Once you reach the line with "March 8, 1946, L.A. Crime Wave" below, copy each line exactly, stopping after the line with "Sof chaiselongue con", and skip any pictures.

SOURCE DATA »

BEGIN

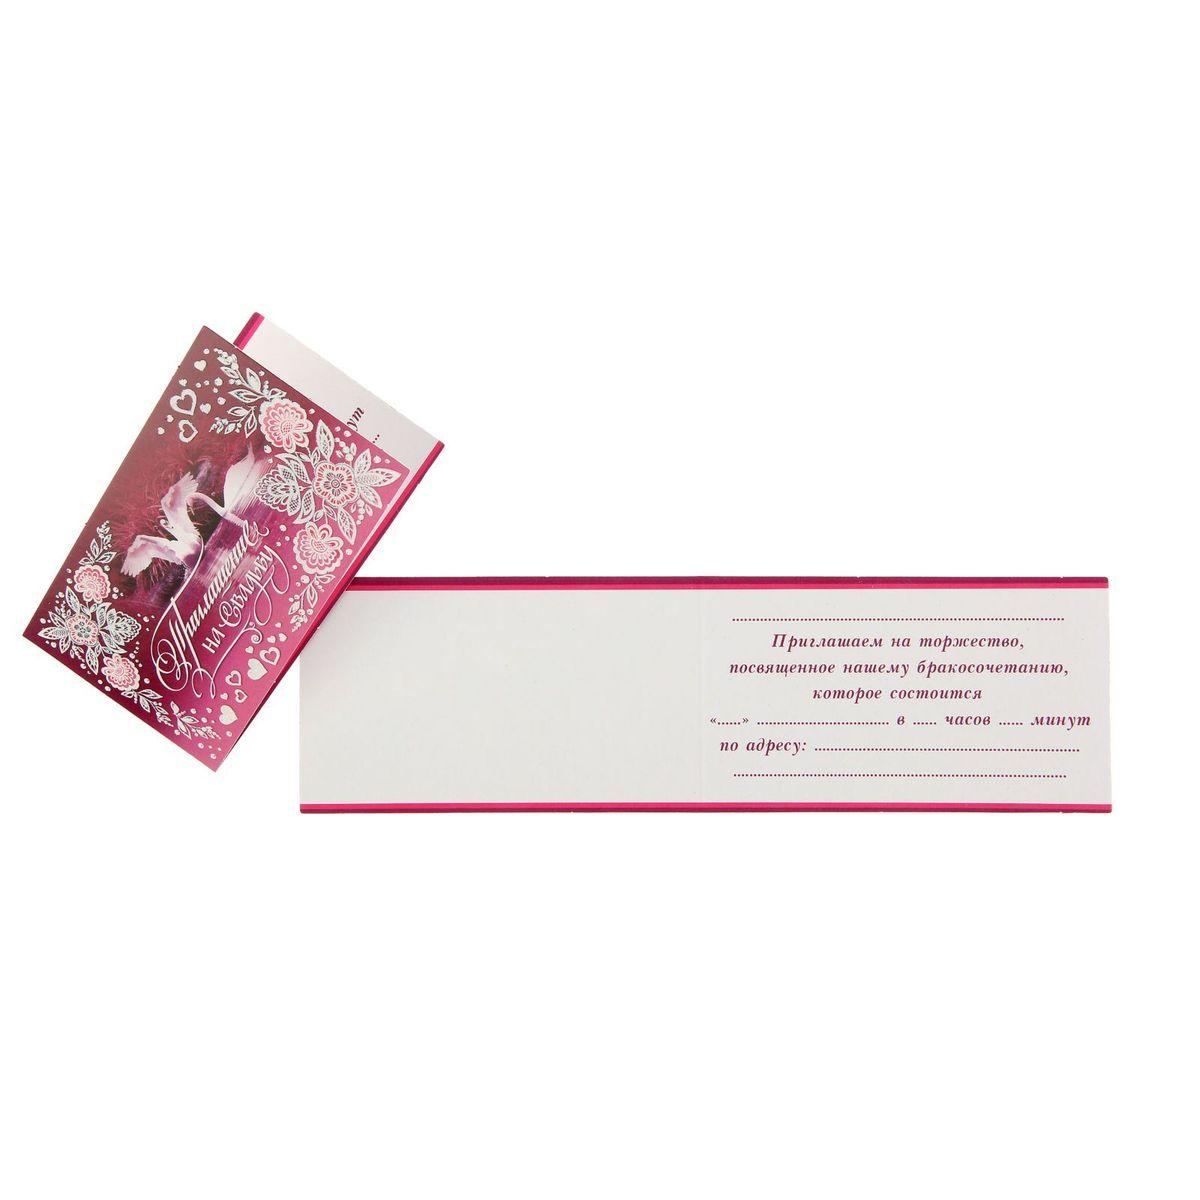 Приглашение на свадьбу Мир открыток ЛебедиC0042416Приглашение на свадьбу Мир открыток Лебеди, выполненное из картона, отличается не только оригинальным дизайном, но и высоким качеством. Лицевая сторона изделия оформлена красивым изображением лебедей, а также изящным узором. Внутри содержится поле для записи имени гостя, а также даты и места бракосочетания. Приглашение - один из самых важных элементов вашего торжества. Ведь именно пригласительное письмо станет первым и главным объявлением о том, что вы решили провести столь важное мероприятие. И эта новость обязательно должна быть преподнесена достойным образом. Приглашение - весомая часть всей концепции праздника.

END
BEGIN

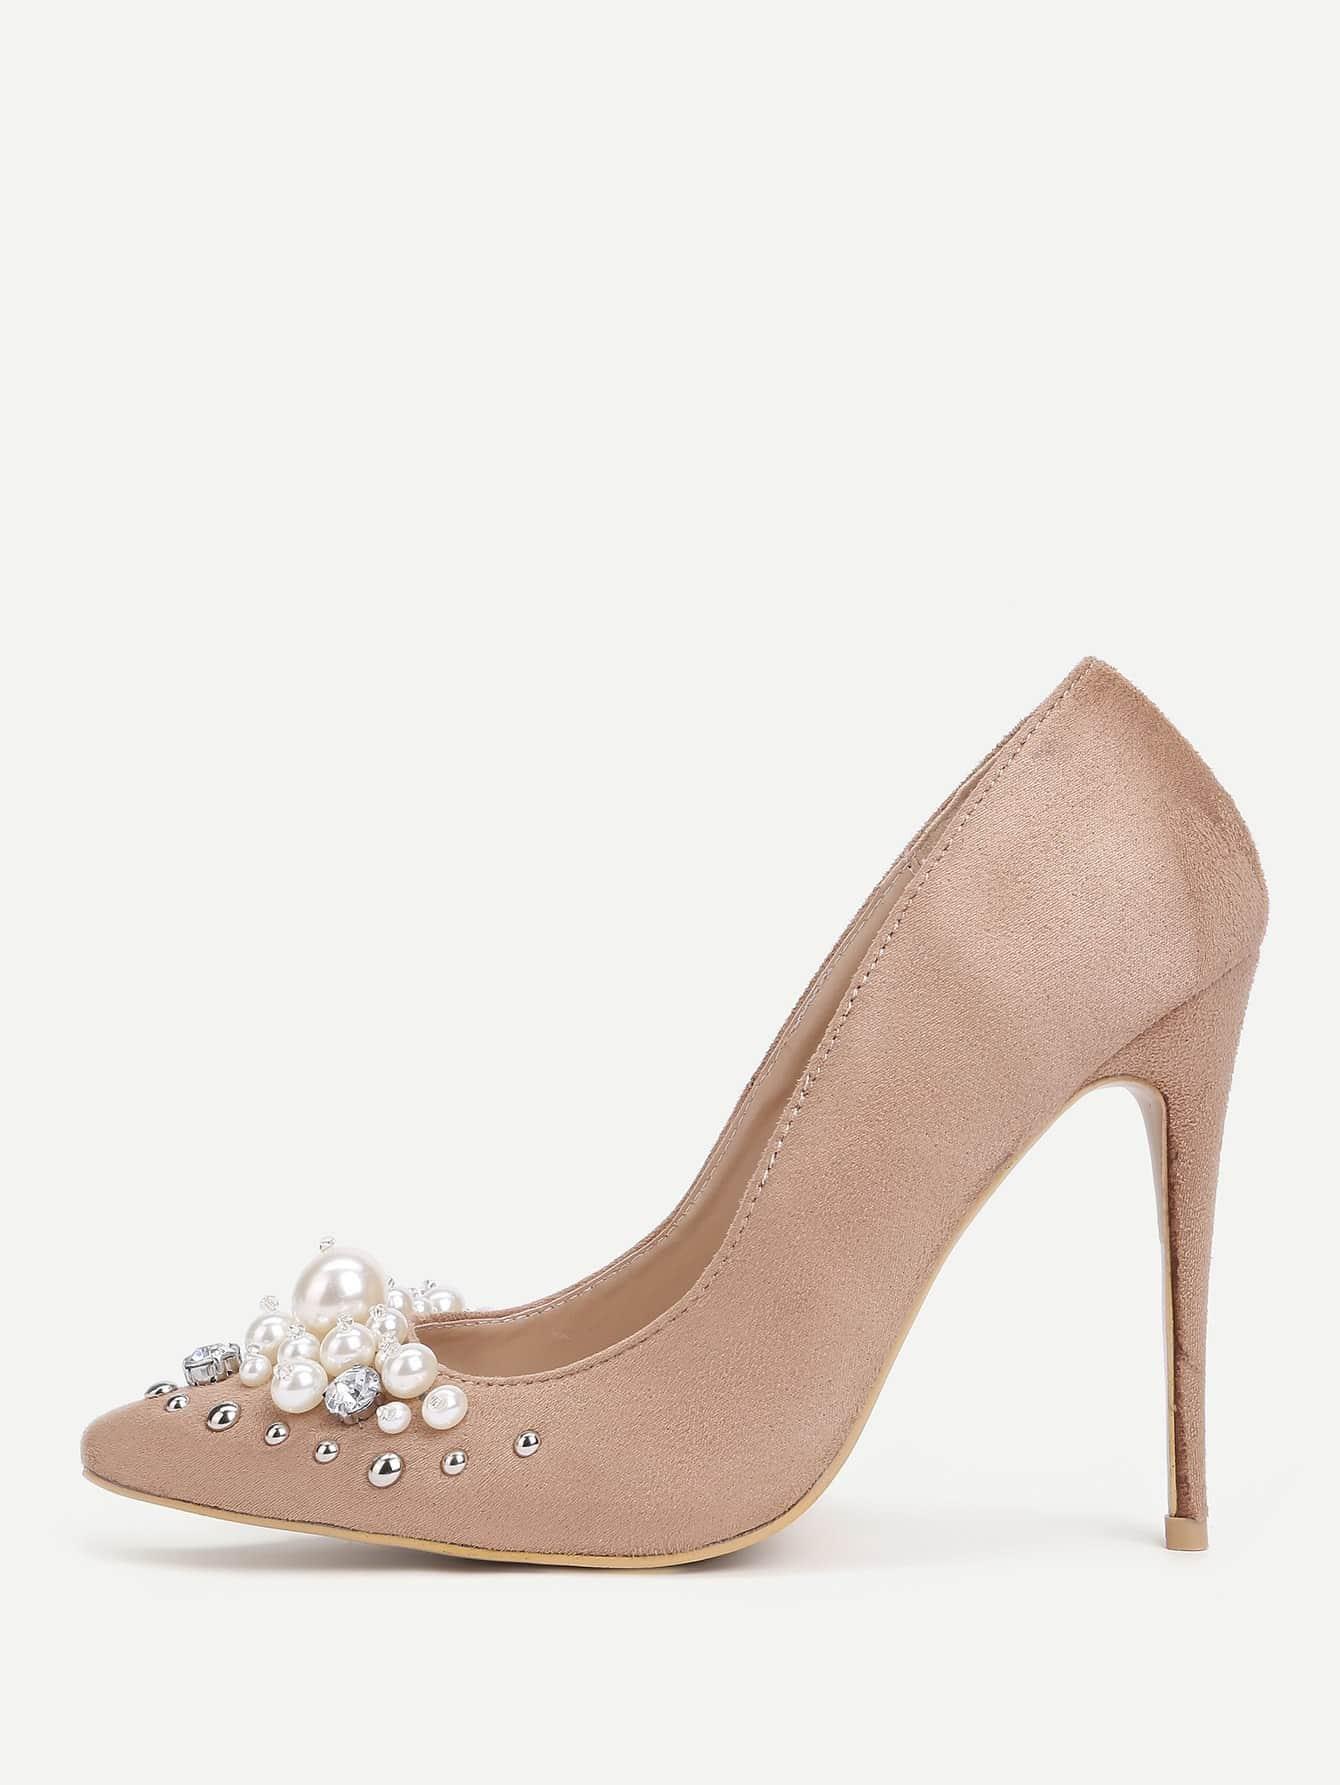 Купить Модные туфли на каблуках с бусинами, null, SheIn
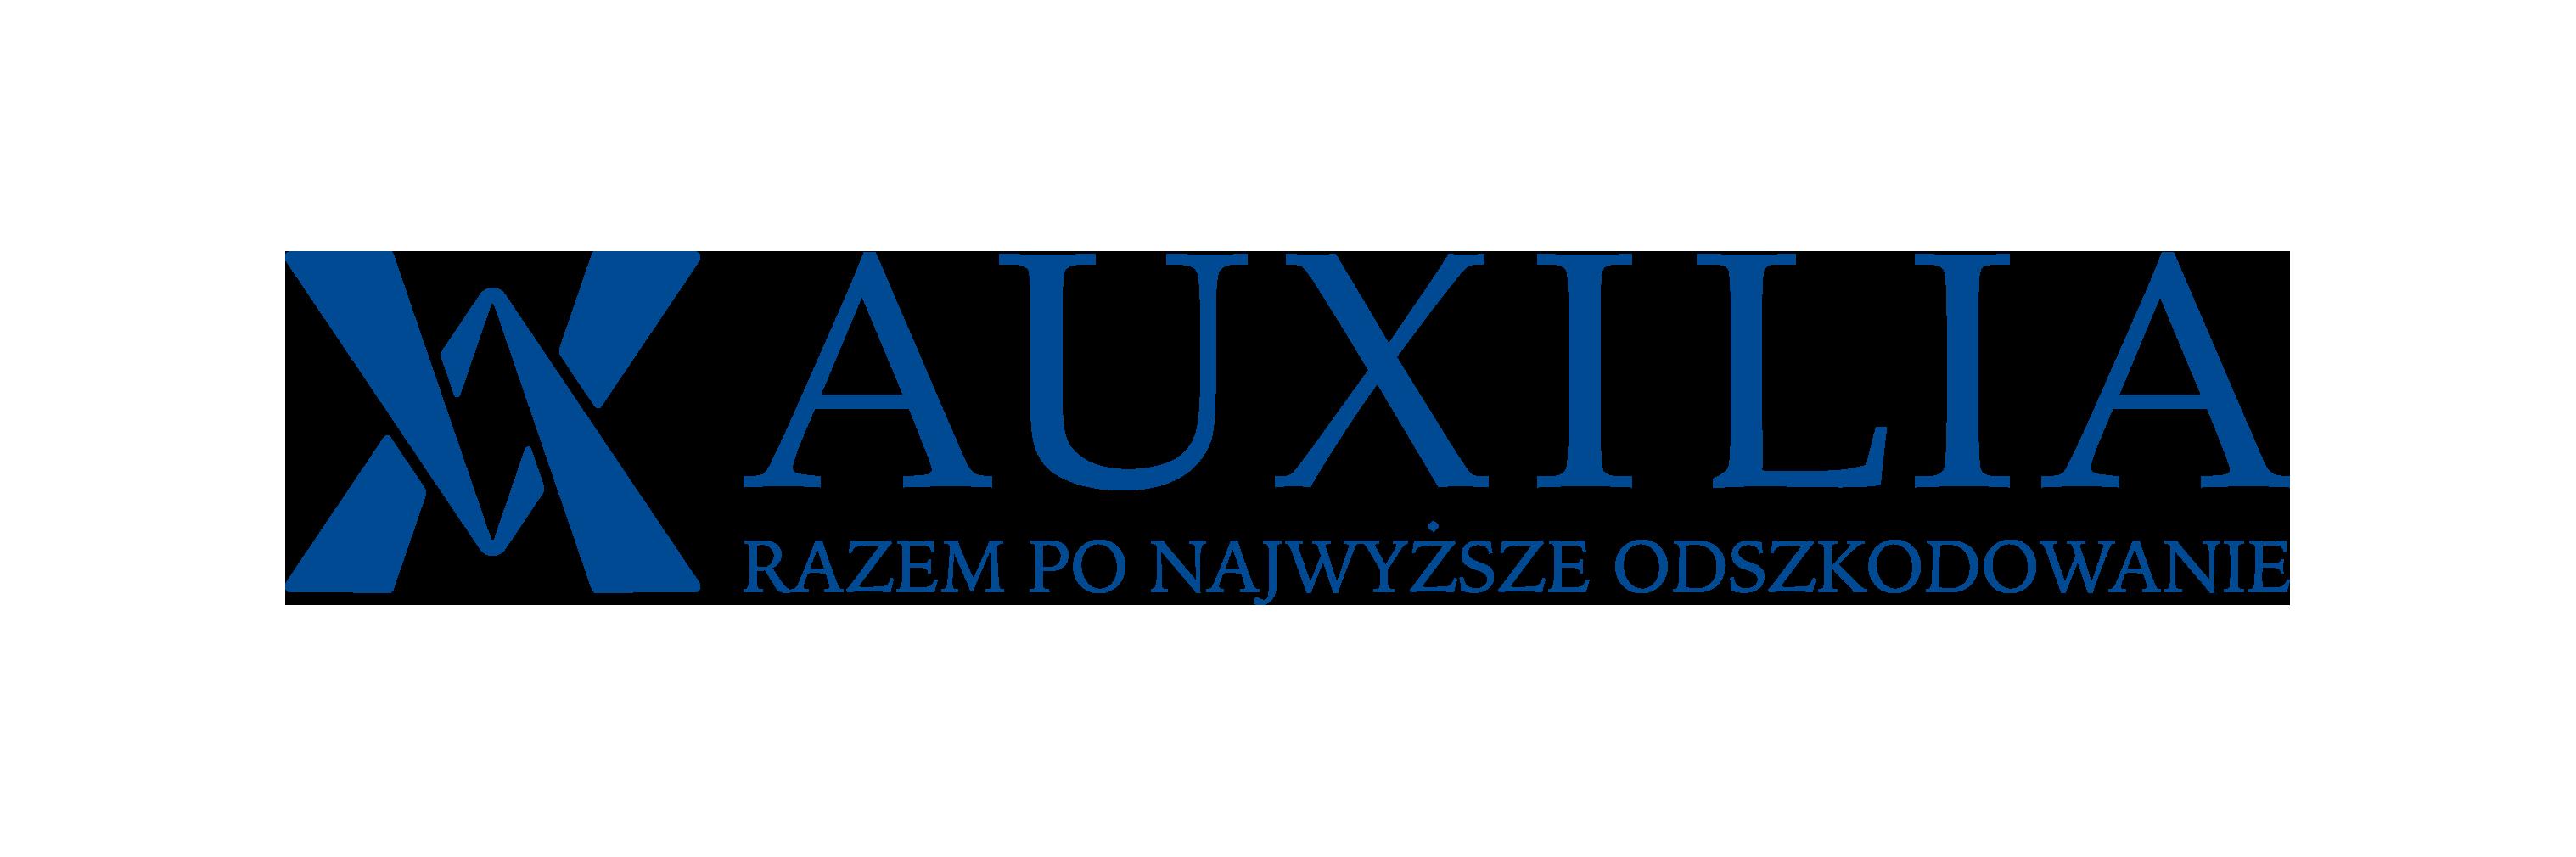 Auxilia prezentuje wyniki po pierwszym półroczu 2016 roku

END
BEGIN

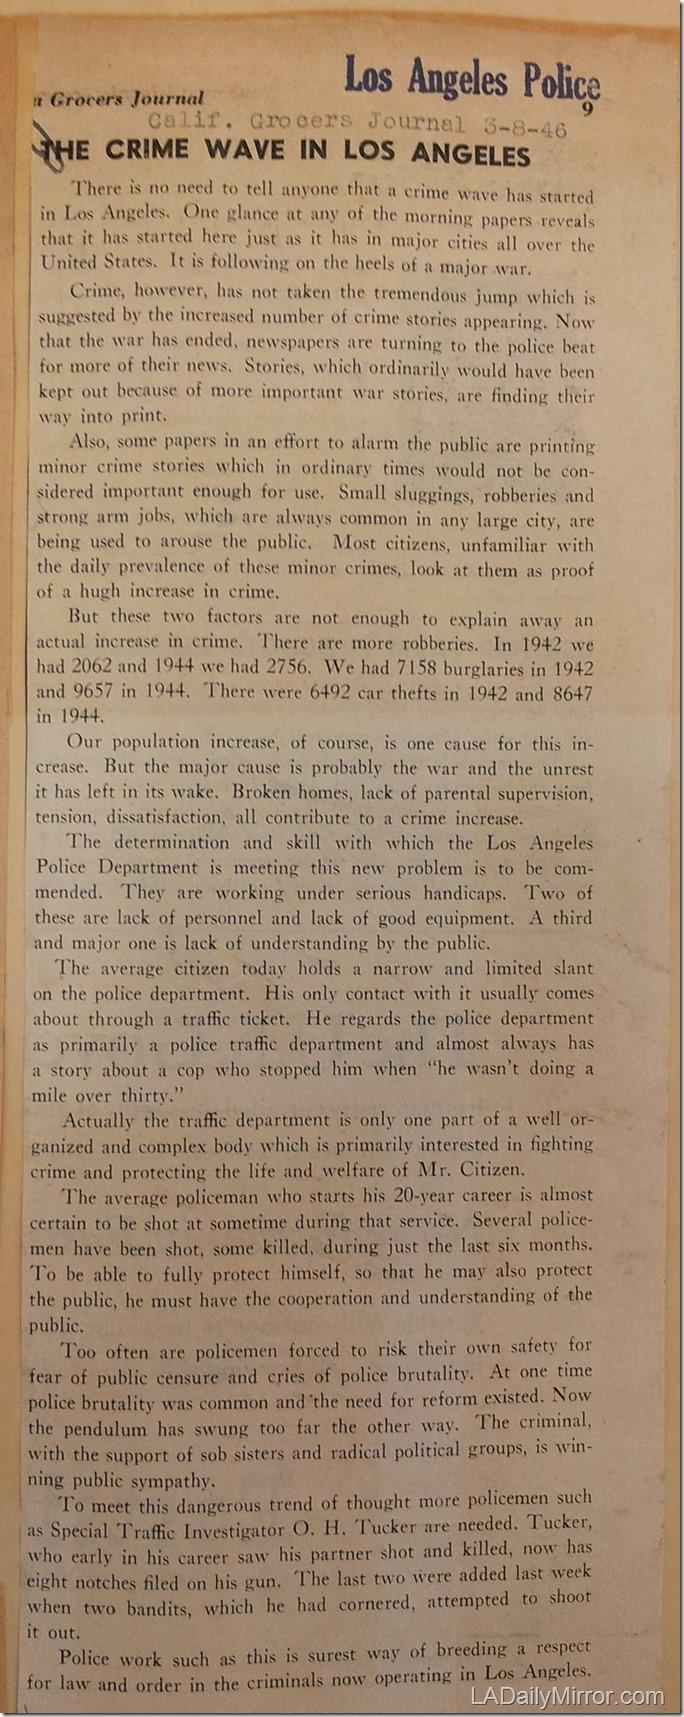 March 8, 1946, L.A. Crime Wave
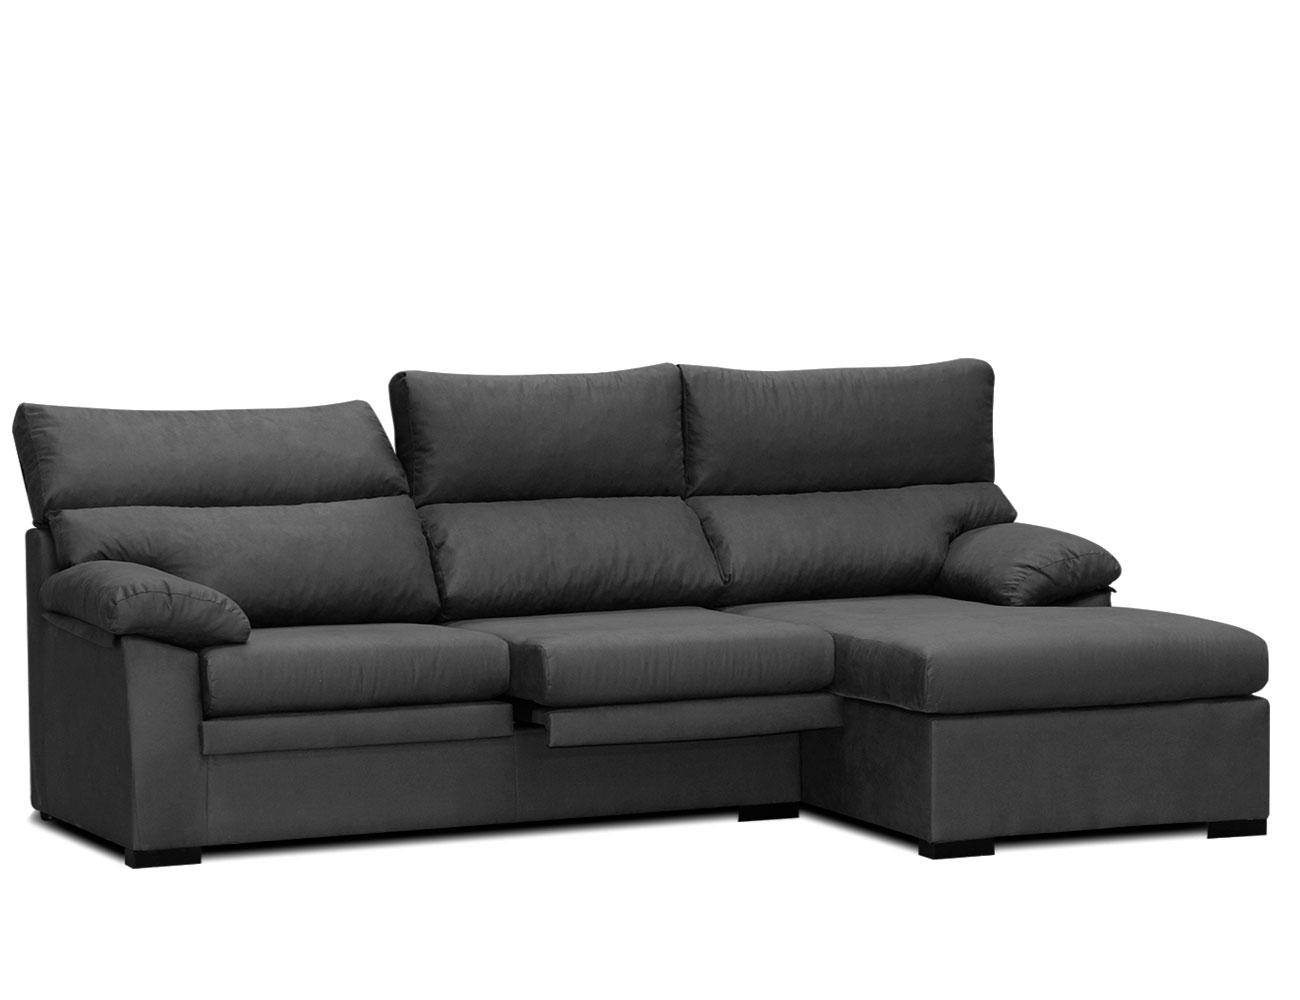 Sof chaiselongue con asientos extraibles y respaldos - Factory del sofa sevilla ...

END

OUTPUT FOR THIS TASK »
 March 8, 1946, L.A. Crime Wave
 Sof chaiselongue con asientos extraibles y respaldos - Factory del sofa sevilla ...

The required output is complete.